Research analyst Austin Weiler at Messari said prevention is realistically possible only on KYC platforms. “For KYC’d platforms, the most effective mechanism is to restrict access upfront for users to specific markets,” he said.
Weiler warned that fully onchain markets pose enforcement challenges because wallets lack reliable identity links. Platforms can monitor trades or limit sizes, but such controls are often easy to evade.
(Ed. note: transparency of onchain activity does not solve attribution.) “Bans targeting government officials are only realistically enforceable in KYC-based systems,” Weiler added.
Kalshi enforces KYC under U.S. rules and, on its sign-up page, states it requires basic personal information. Polymarket applies KYC to U.S. users while non-U.S. versions may run without mandatory checks, accessible via VPN, according to social media reports, and its user guide does not confirm global practices.
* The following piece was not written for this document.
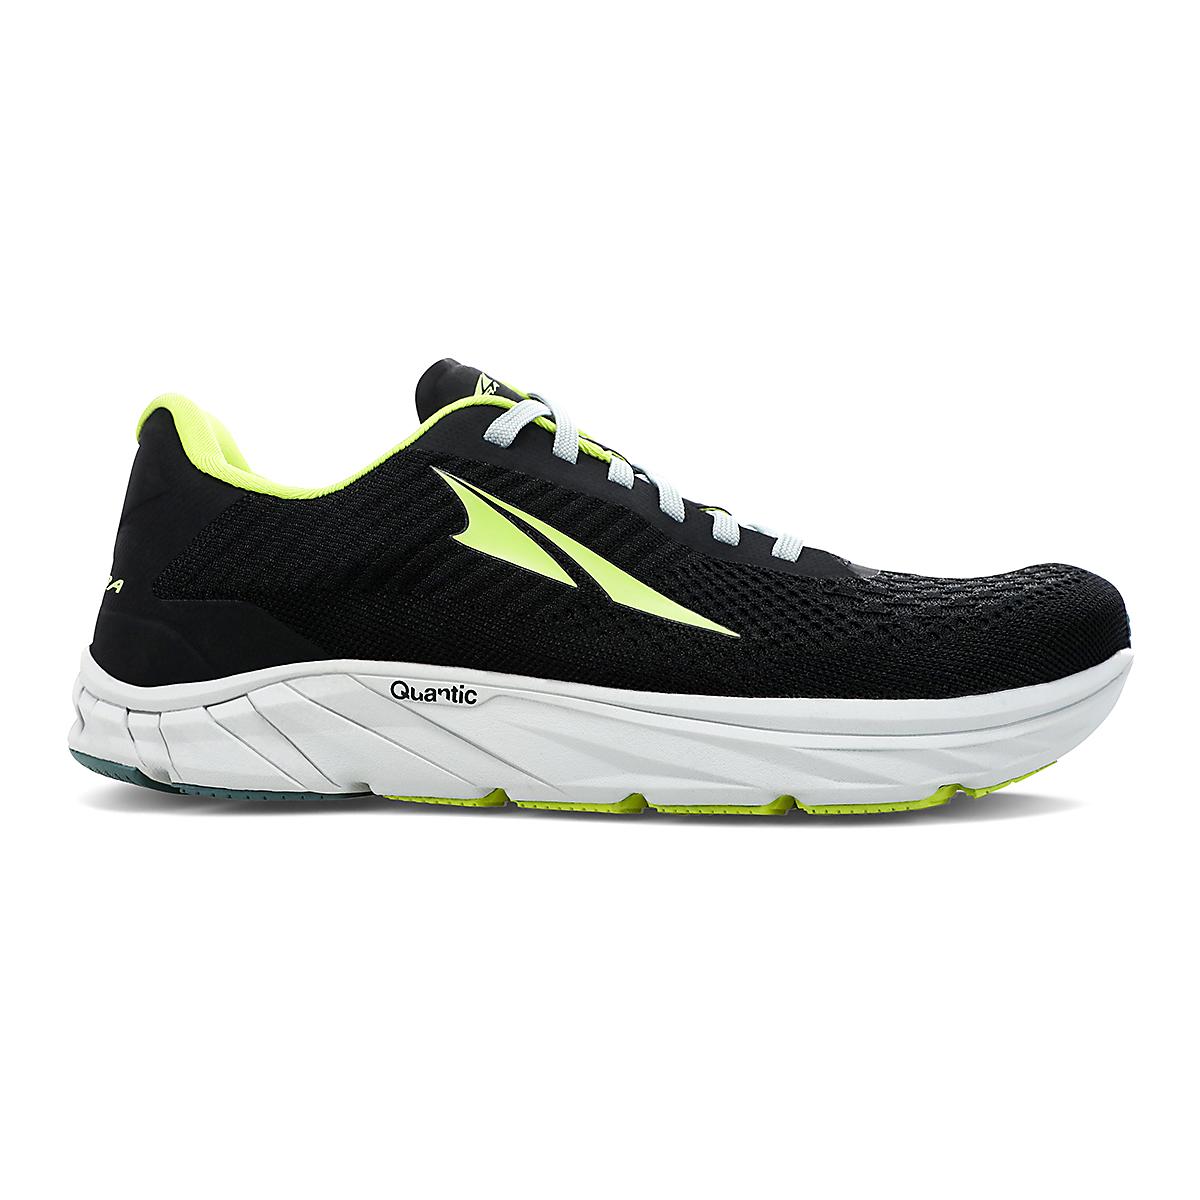 Men's Altra Torin 4.5 Plush Running Shoe - Color: Black/Lime - Size: 7 - Width: Regular, Black/Lime, large, image 1

Opinion, a decentralized market backed by YZi Labs, provides no public KYC details via its app. Data shows trading volumes hit almost $6 billion by mid-January 2026, intensifying scrutiny after reports of an anonymous trader turning $30,000 into more than $400,000 hours before U.S. forces captured former Venezuelan President Nicolás Maduro. Representative Ritchie Torres has backed legislation to bar officials from trading while holding material nonpublic information.